Alors que beaucoup d’investisseurs fuient toujours le Royaume-Uni…

Nous pensons qu’énormément de mauvaises nouvelles sont déjà incluses dans les cours des sociétés britanniques actuellement.

Après avoir eu une vue négative sur les actions du Royaume-Uni pendant trois ans, nous sommes redevenus plus positifs envers certaines sociétés britanniques. Nous avons désormais une position « longue » sur les sociétés orientées sur le marché intérieur au Royaume-Uni.

Dans quels secteurs plus précisément?

Des sociétés d’assurances telles que Legal & General ou Aviva nous paraissent par exemple particulièrement bon marché actuellement. Ou alors dans l’immobilier avec des sociétés comme le promoteur immobilier résidentiel Bellway ou l’entreprise de construction Taylor Wimpey.

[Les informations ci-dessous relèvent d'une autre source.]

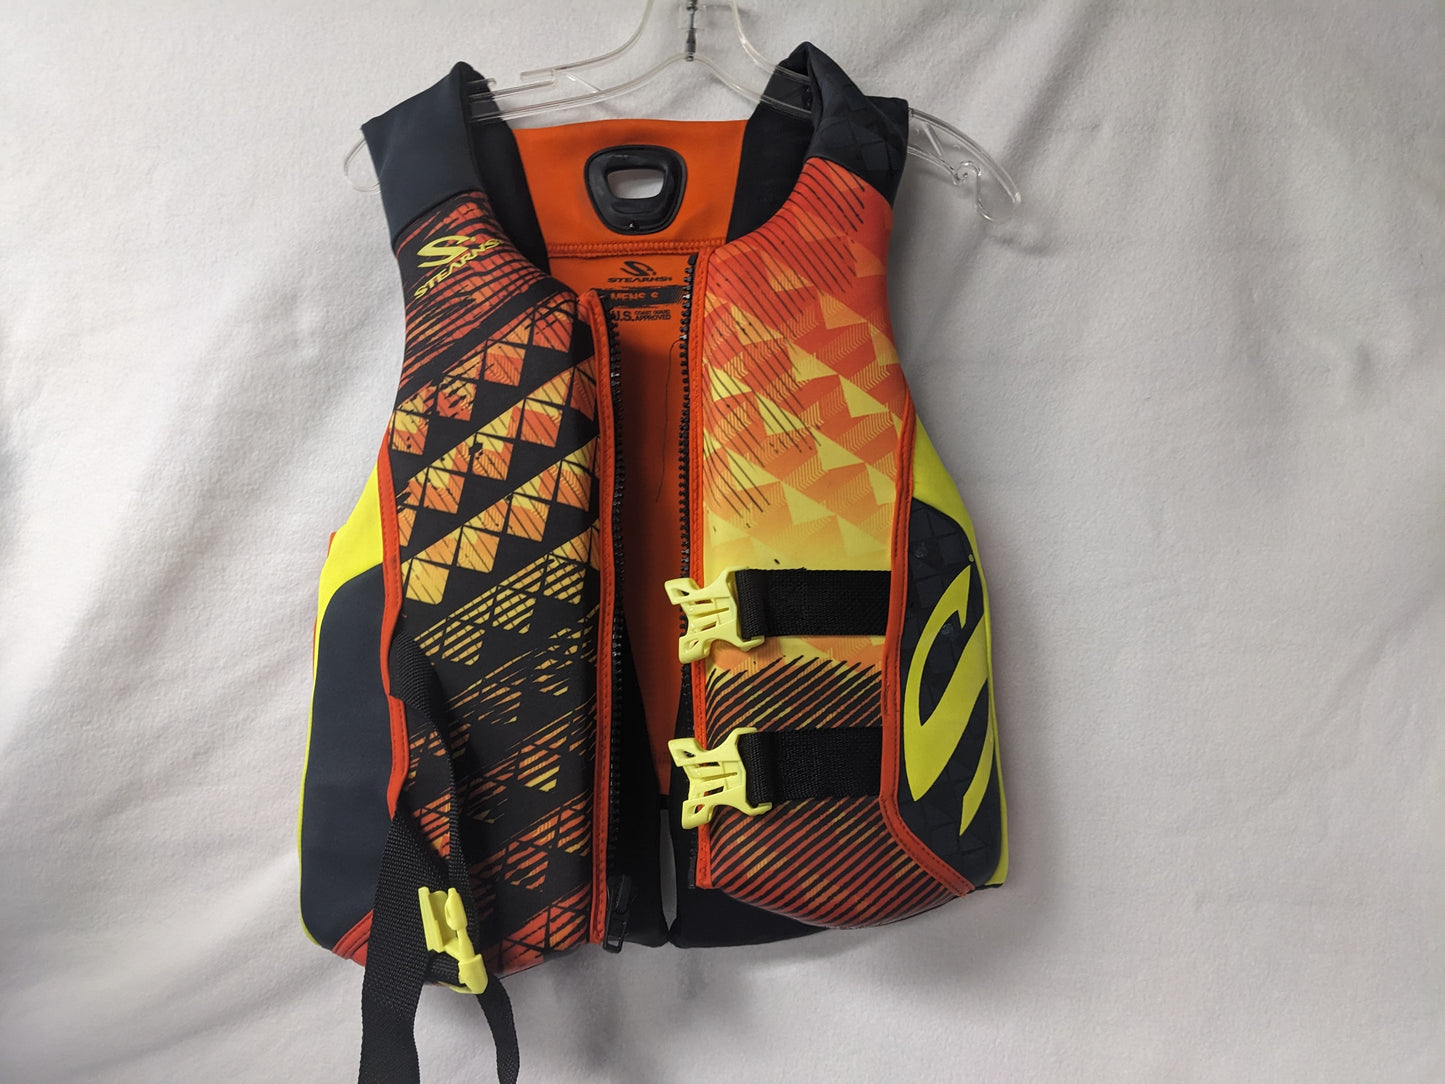 Stearns Type Ill PFD Youth Ski Vest Size Small Color Orange Condition Used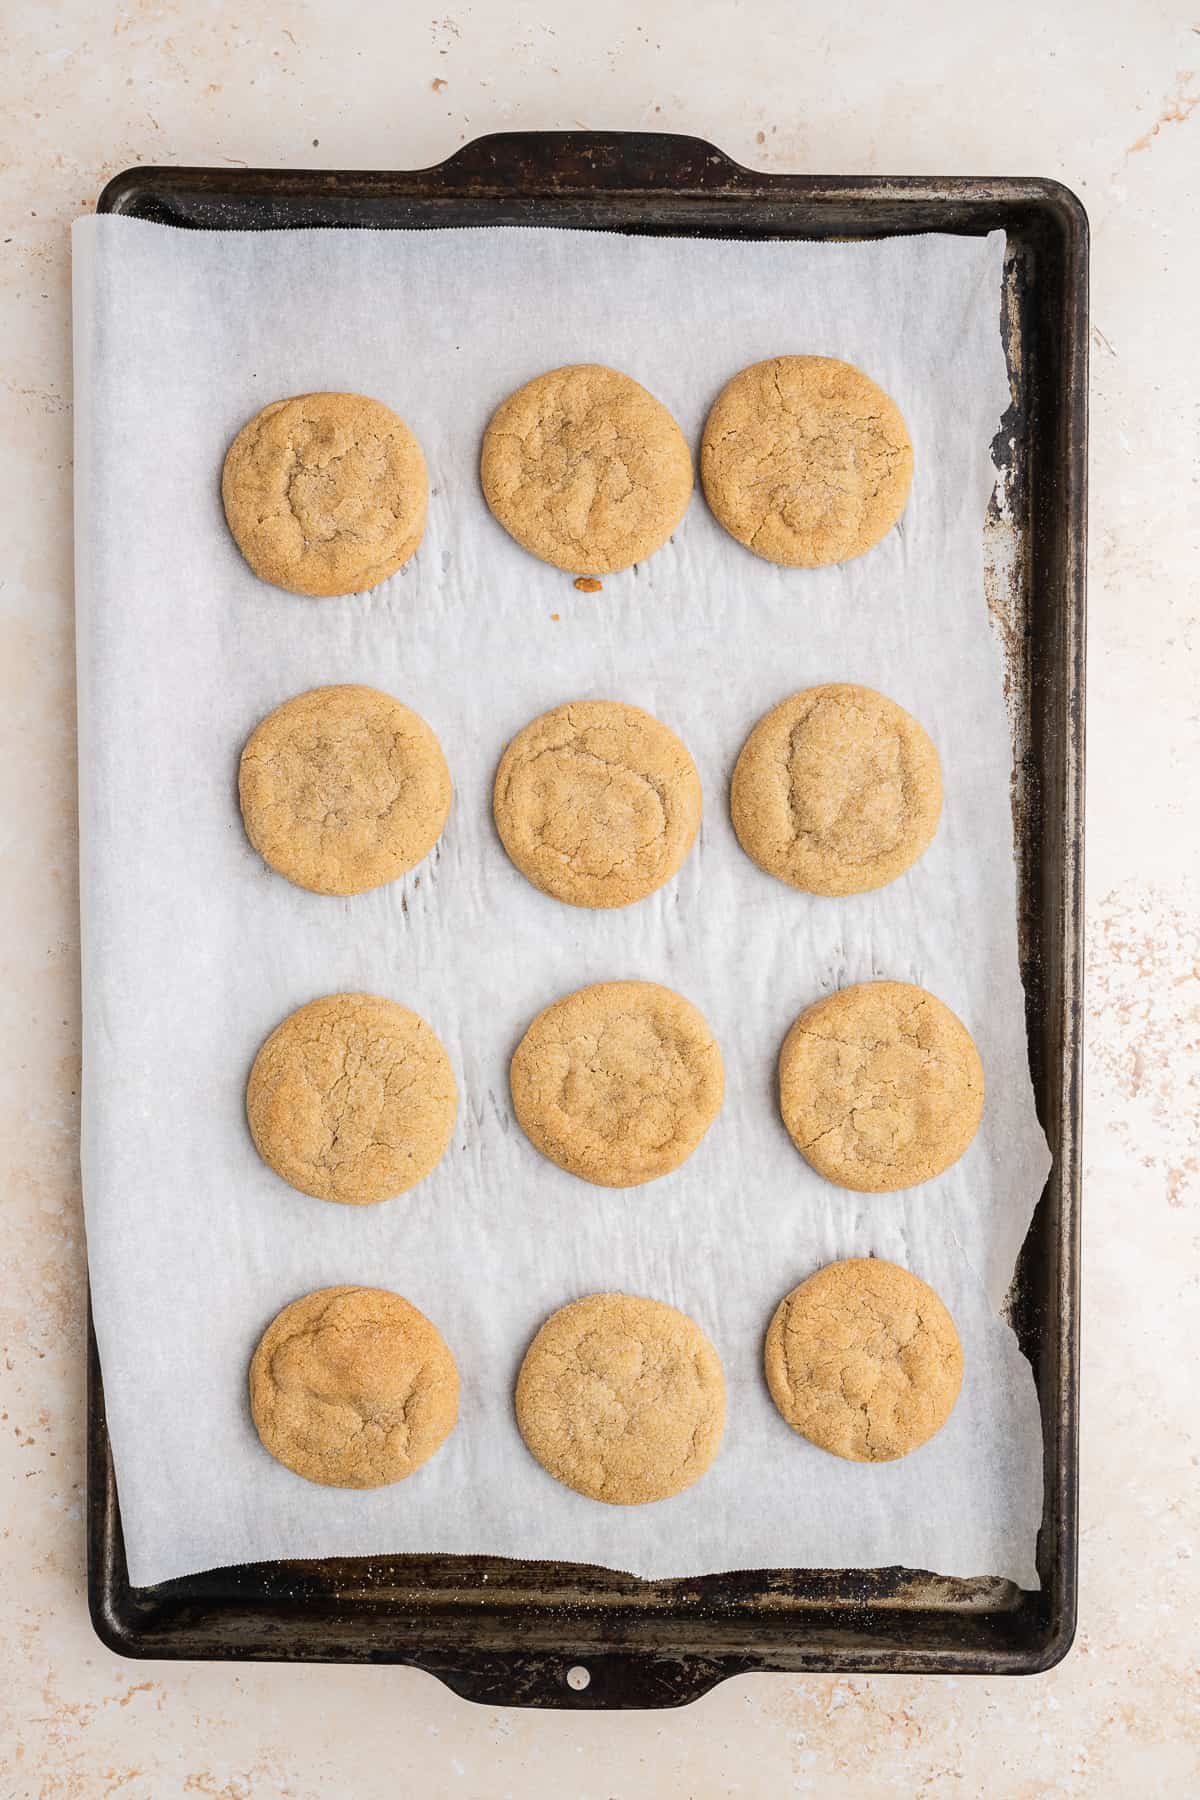 baked chai spiced brown sugar cookies on a baking sheet

Ces sociétés ont une faible exposition sur le marché londonien et proposent aussi des logements destinés aux personnes avec des revenus modestes. Ces sociétés disposent de bilans solides, un faible endettement et elles offrent des dividendes attrayants.

L’économie américaine
s’approche d’une fin de cycle.
Quels secteurs évitez-vous au contraire?

Jusqu’ici, nous avions des positions «longues» concernant les grandes capitalisations américaines. Nous sommes passés à une position «short» sur ces titres. Jusqu’à l’an dernier, la plupart des changements politiques opérés aux Etats-Unis avaient été plutôt «pro-business». Le gouvernement avait mis en place des mesures visant à rapatrier aux Etats-Unis le cash offshore conservé à l’étranger par les grandes entreprises américaines. Cet impact tend maintenant à s’affaiblir. L’effet des réductions d’impôts accordées aux entreprises s’estompe. Plus généralement, l’économie américaine s’approche d’une fin de cycle. En outre, après une longue période de faiblesse du dollar qui a duré jusqu’au début de 2018, le billet vert s’est à nouveau renforcé.

Investissez-vous aussi dans des sociétés suisses?

Nestlé et Roche font partie de nos positions «longues». Il s’agit d’entreprises de grande qualité avec des caractéristiques défensives.

Elles s’inscrivent bien dans un scénario où les défensives regagneront en attrait.